Le calme ne dure qu’un moment. Un moment suspendu, fragile, où seul le bip du moniteur semblait marquer le passage d’un temps normal.

Puis elle bouge. Un frémissement des paupières d’abord. Un soupir plus profond. Ses doigts se contractent faiblement dans ma main. Je me penche, l’espoir , stupide, naïf , faisant battre mon cœur plus vite. Peut-être que le sommeil l’a apaisée. Peut-être…

Ses yeux s’ouvrent. Ils sont troubles, vitreux, empreints d’une confusion profonde. Elle cligne plusieurs fois, fixant le plafond blanc sans le reconnaître. Elle tourne la tête lentement, et son regard erre sur la pièce : la fenêtre, le fauteuil vide où sa mère était assise, le chariot en acier chromé.

Puis il se pose sur moi.

Un instant, rien. Un vide. Puis une lueur y apparaît. Une lueur familière, douce. Mais c’est une douceur d’avant. Une douceur qui n’a plus sa place ici.

— Lia.

Sa voix est rauque, ensommeillée, mais il y a une note presque normale qui me glace le sang.

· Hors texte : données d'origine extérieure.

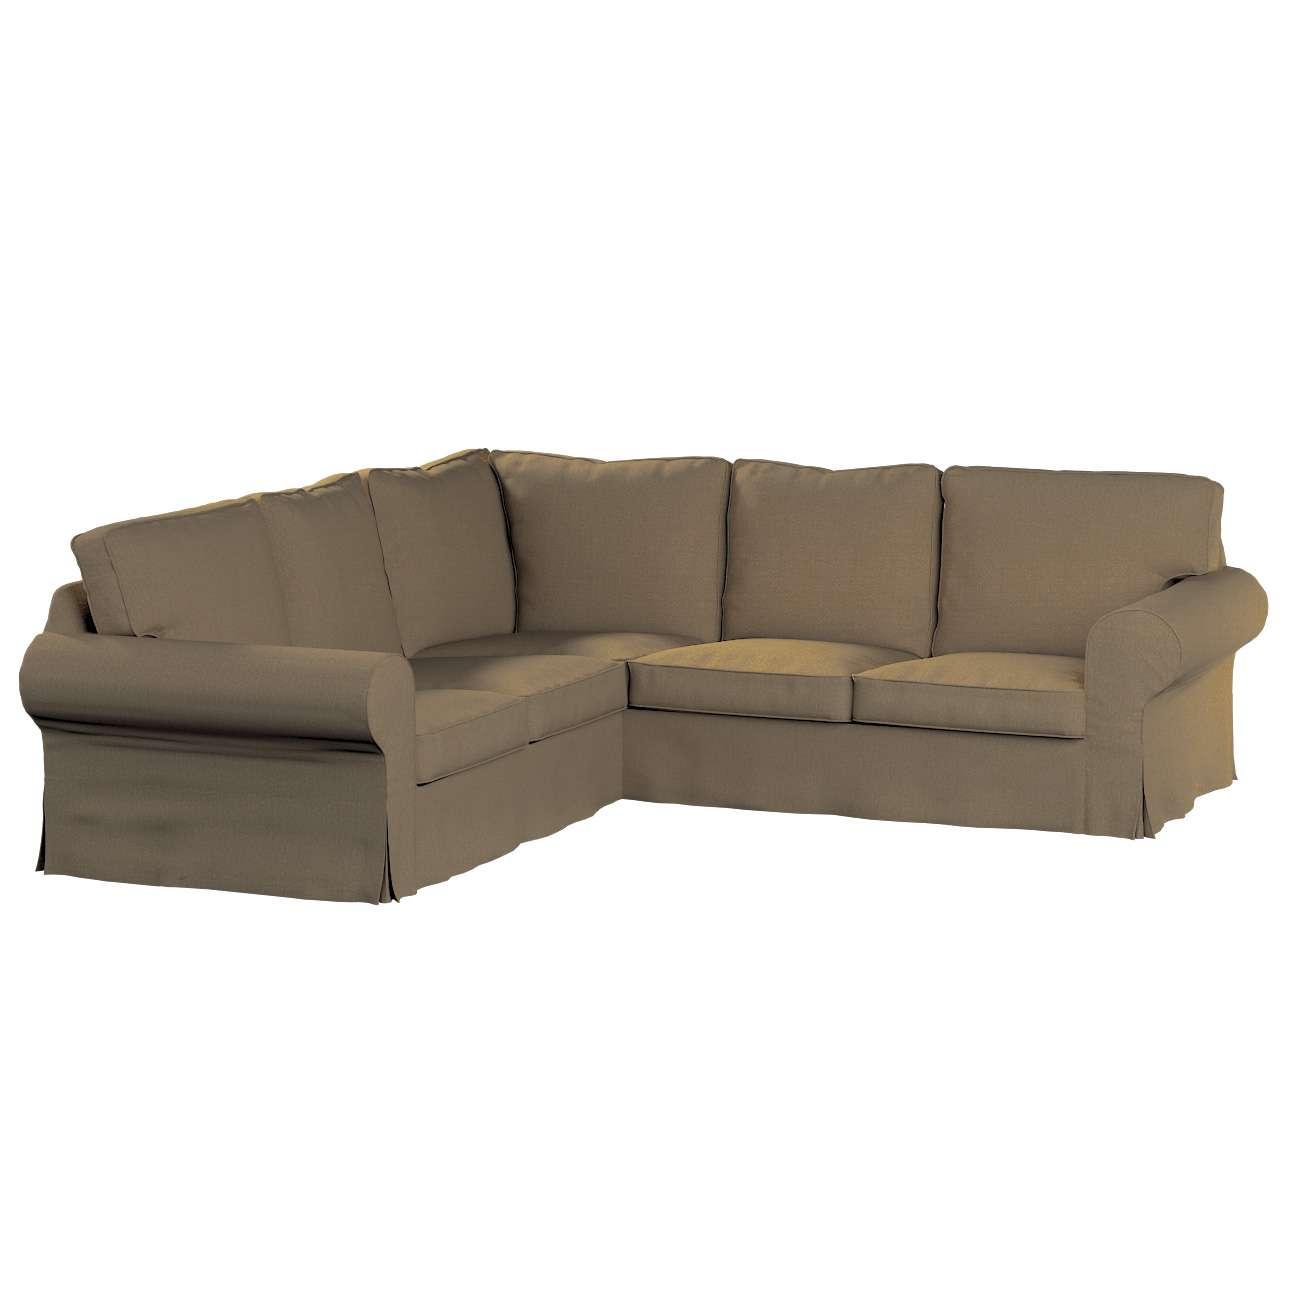 Pokrowiec na sofę narożną Ektorp w kolekcji Chenille, tkanina: 702-21

— Tu es déjà là. Tu es toujours à l’heure, toi.

Elle essaie de sourire, un petit sourire fatigué. Elle se redresse un peu sur les coudes, grimace légèrement.

— Mon Dieu, j’ai mal partout. Cette nuit de filles a été trop agitée, je crois. Tu m’as fait boire combien de cocktails, déjà ?

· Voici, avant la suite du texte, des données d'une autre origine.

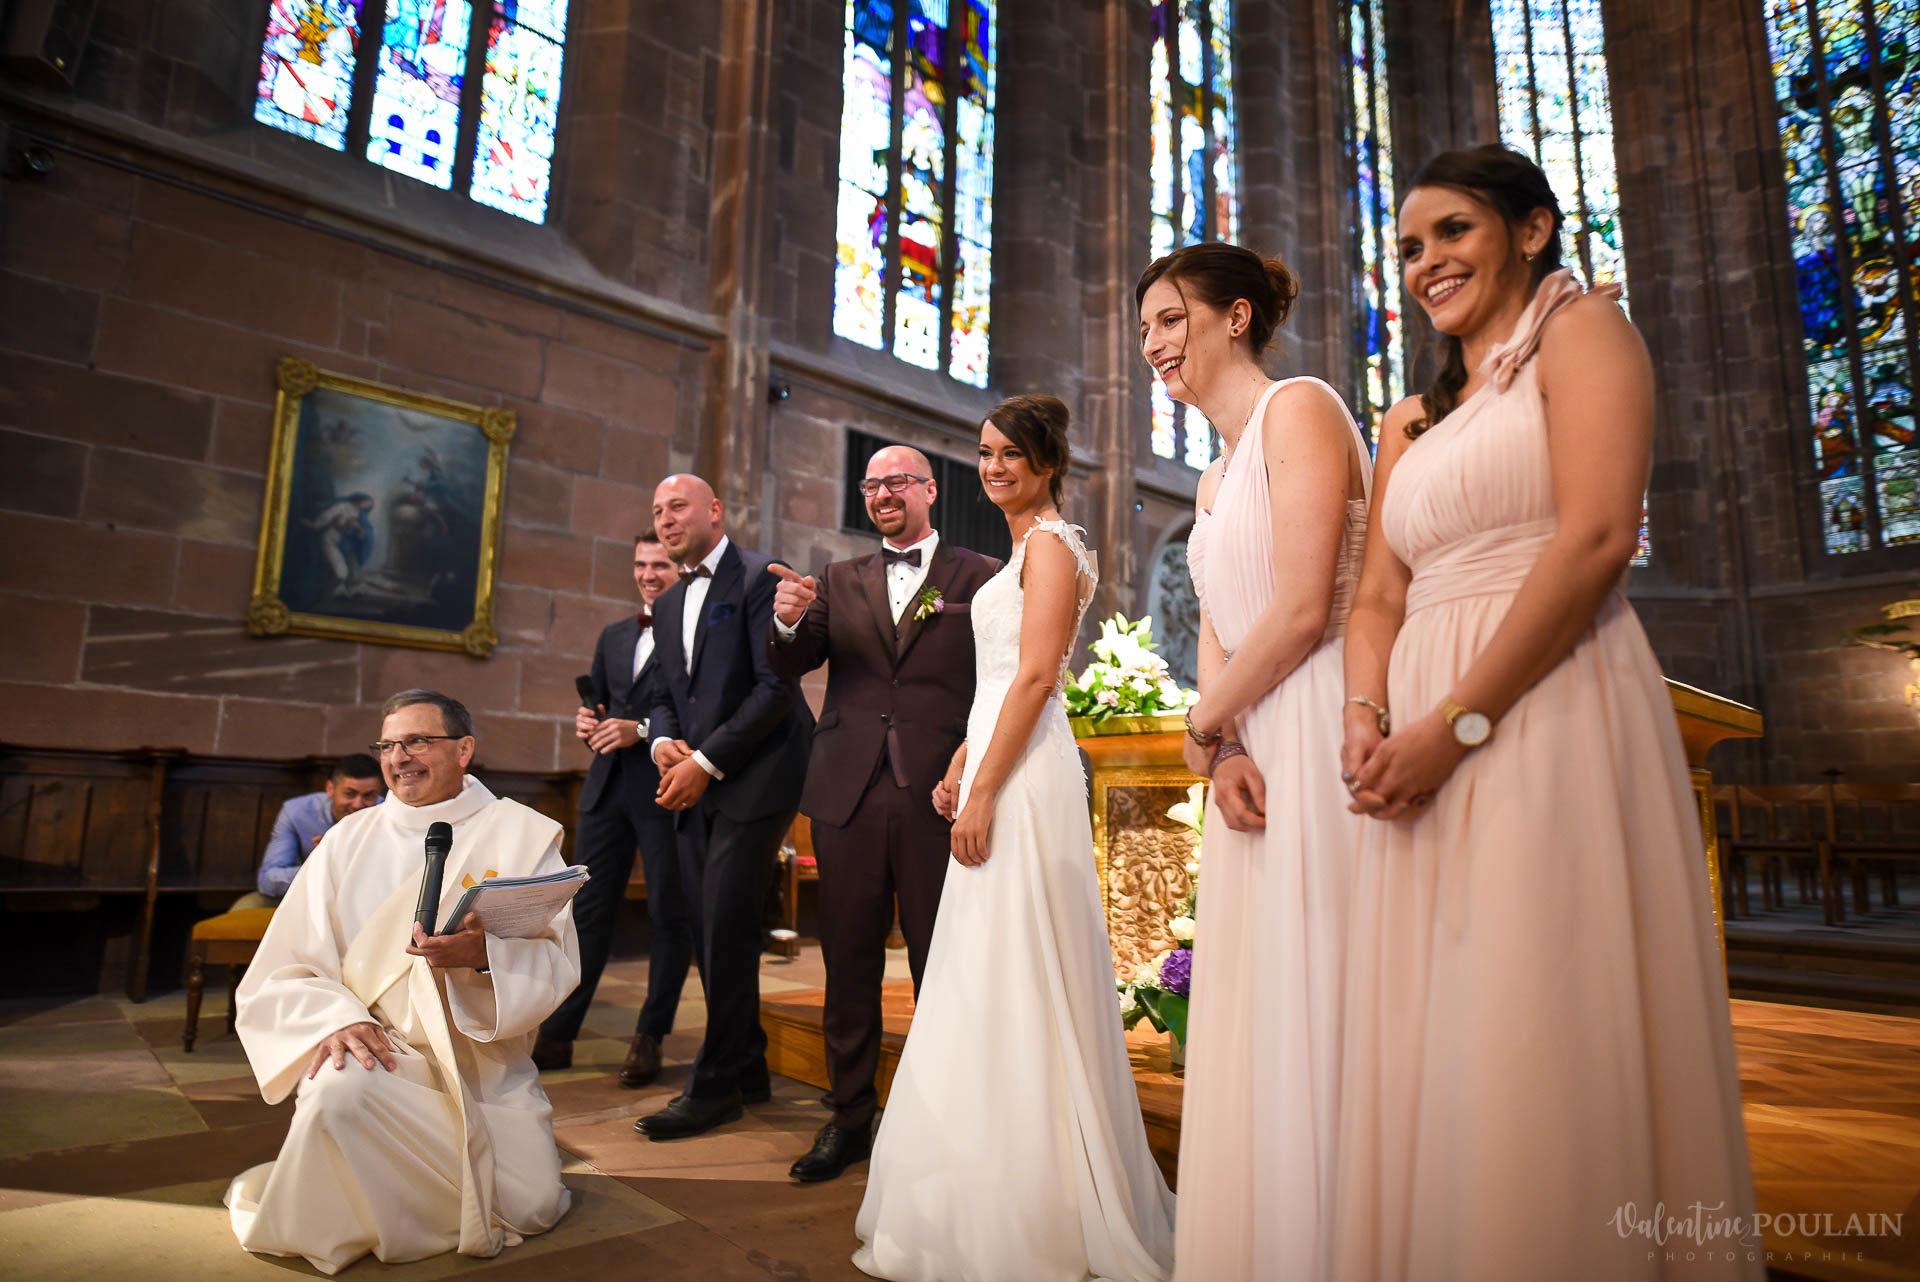 Mariage convivial Saverne - Valentine Poulain église

Elle plaisante. Elle plaisante. Mon estomac se tord. Je garde sa main, qui est devenue moite.

— Anahid…

— Ne fais pas cette tête, je vais bien. Juste une grosse gueule de bois. Mais il ne faut pas traîner.

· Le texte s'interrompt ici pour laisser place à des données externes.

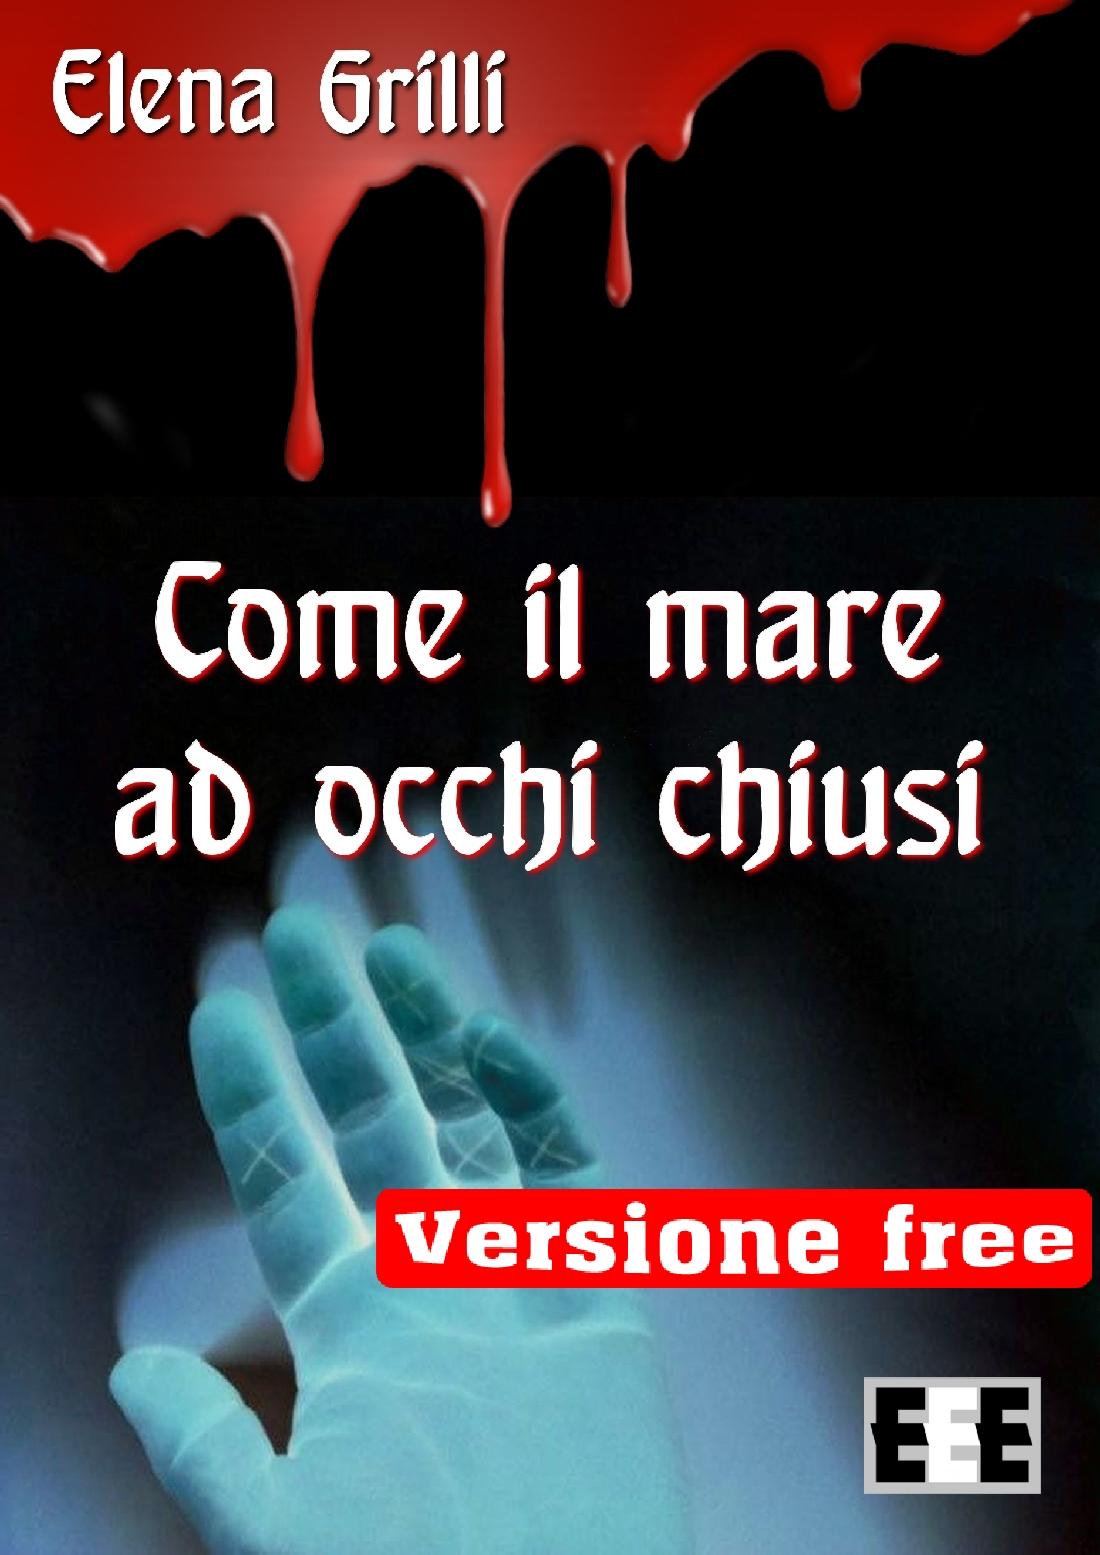 COME IL MARE AD OCCHI CHIUSI

Elle jette un coup d’œil autour d’elle, fronçant les sourcils.

— Où sommes-nous ? C’est quel hôtel ? C’est… moderne. Très blanc.

Un frisson de terreur pur et glacé descend le long de ma colonne vertébrale. Ce n’est pas du déni. C’est plus profond. Plus effrayant. Son esprit, saturé de douleur, a reculé. Il a trouvé un refuge dans un avant qui n’existe plus.

— Anahid, écoute-moi. Tu es à l’hôpital.

— L’hôpital ? Pourquoi ? Je me suis blessée en dansant ? Oh mon Dieu, le mariage !

Ses yeux s’écarquillent, non pas de terreur, mais d’une inquiétude pressante, normale. L’inquiétude d’une mariée le jour de son essayage.

— Il faut qu’on y aille, Lia. Vite. L’essayage de la robe est à 11h, chez Mme Arpine. Tu te souviens ? Avec les dernières retouches. Et après, on doit aller chercher les alliances. Ara doit finir tôt au bureau aujourd’hui, il nous rejoindra là-bas.

Le nom. Prononcé avec une tendresse naturelle, évidente. Comme une lame qu’elle s’enfoncerait elle-même dans la poitrine sans le savoir.

Je sens mes propres doigts trembler. Mon cœur bat à grands coups sourds dans mes oreilles. Non. Non, pas ça. Ne laisse pas ton esprit faire ça. Reviens.

— Anahid, arrête. Il n’y a pas d’essayage.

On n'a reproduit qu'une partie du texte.